Woods went undefeated this season and will likely slot into one of the top two seeds at the NCAA tournament. He does hold a victory from last season over No. 1 Andrew Alirez (Northern Colorado), but he also dropped a decision against No. 3 Cole Matthews (Pittsburgh) at the last NCAA tournament.
Total match time
Will Lewan 46.53
Anyone who watched a few of the matches from Will Lewan (Michigan) over the weekend, probably thought, “this guy has to spend more time on the mat than anybody else.” At least for the Big Ten tournament, this statement rings true. Lewan spent over 46 minutes wrestling across his six matches. He ended up winning five of those matches and finishing third at 157 pounds.
Of his six matches, Lewan went to overtime in half of them. His lone loss came against Kendall Coleman (Purdue) in regulation. The only wrestler to have nearly as much mat time as Lewan was Edmund Ruth (Illinois) who finished with exactly 45 minutes through his six matches.

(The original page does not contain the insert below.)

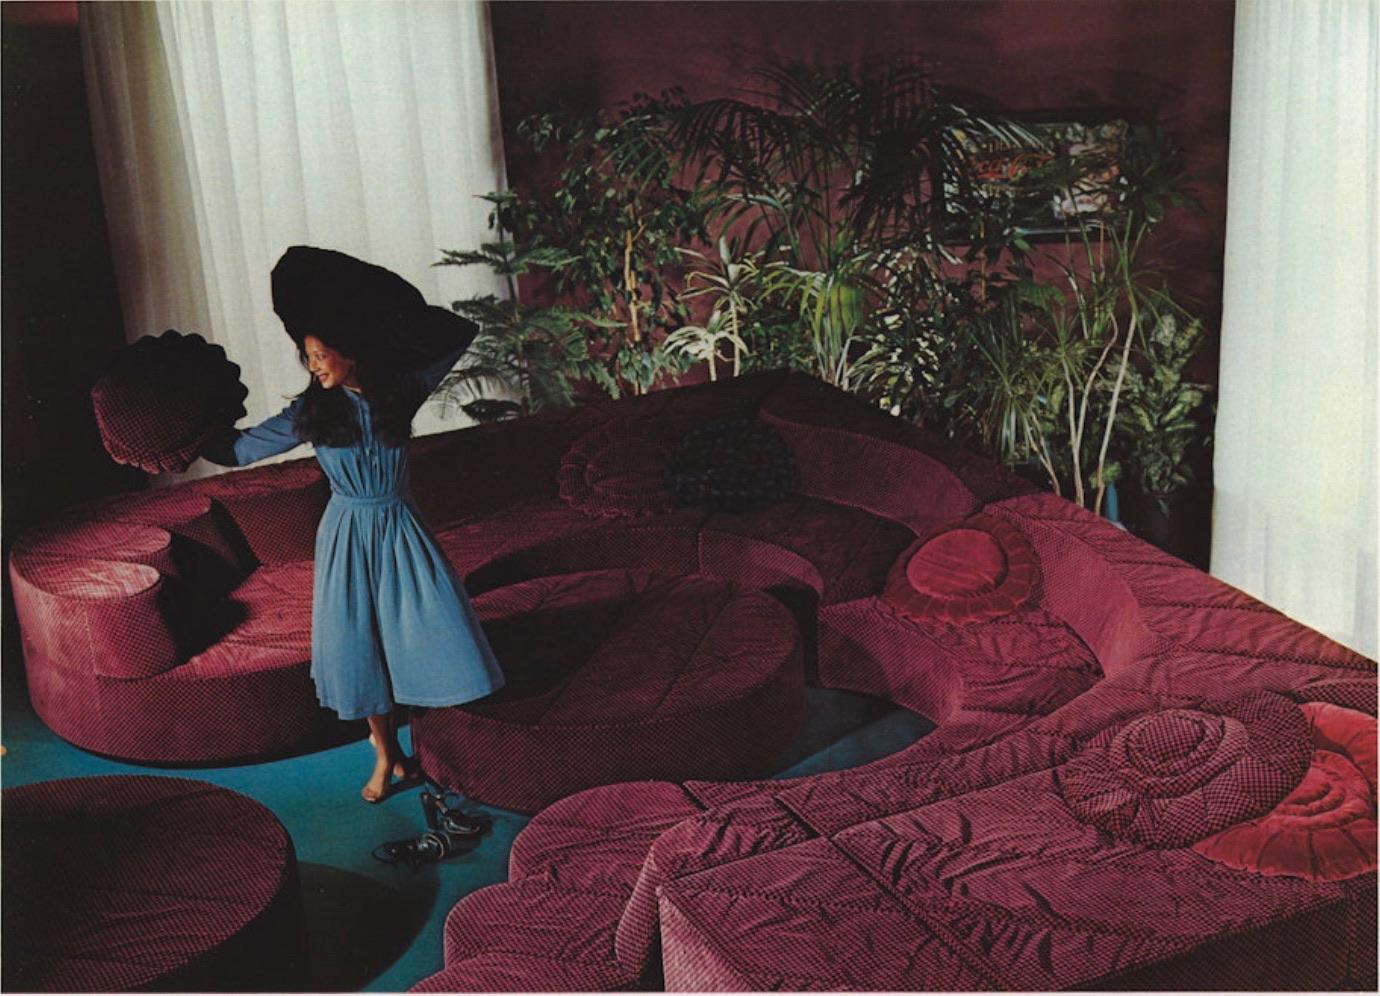 Roche Bobois “Paysage” Sofa In Coral Velvet By Hans Hopfer For Roche Bobois 1974 13

Lewan managed only 17 points across all the time he spent on the mat. This comes out to a 0.37 points-per-minute average, which was the 27th-lowest scoring rate across the entire tournament. However, he was also very stingy defensively as he allowed only 0.24 points per minute. Also, his strategy of slowing matches down does seem to work for him. After all, he did finish third in a rather deep weight.
At the last NCAA tournament, Lewan famously finished fifth while employing quite similar tactics. It may not be the most fan-friendly style, but at the end of the day winning is what matters, and winning close matches can be essential in big tournaments.
Also, this is the second year that NCAA wrestling has used the two-minute sudden victory round in overtime. Previously, it was only a one-minute period before tiebreakers. Now, the wrestlers must slog through an entire two minutes before they get their shot on bottom. This was clearly implemented to limit the number of matches that go to tiebreakers, and it appears to be working.
At the Big Ten tournament, there were 285 matches excluding medical forfeits. Of those 285 matches, 31 went to overtime. Of the matches that went to overtime, 27 were decided in the first sudden victory period. Only three matches went to rideouts.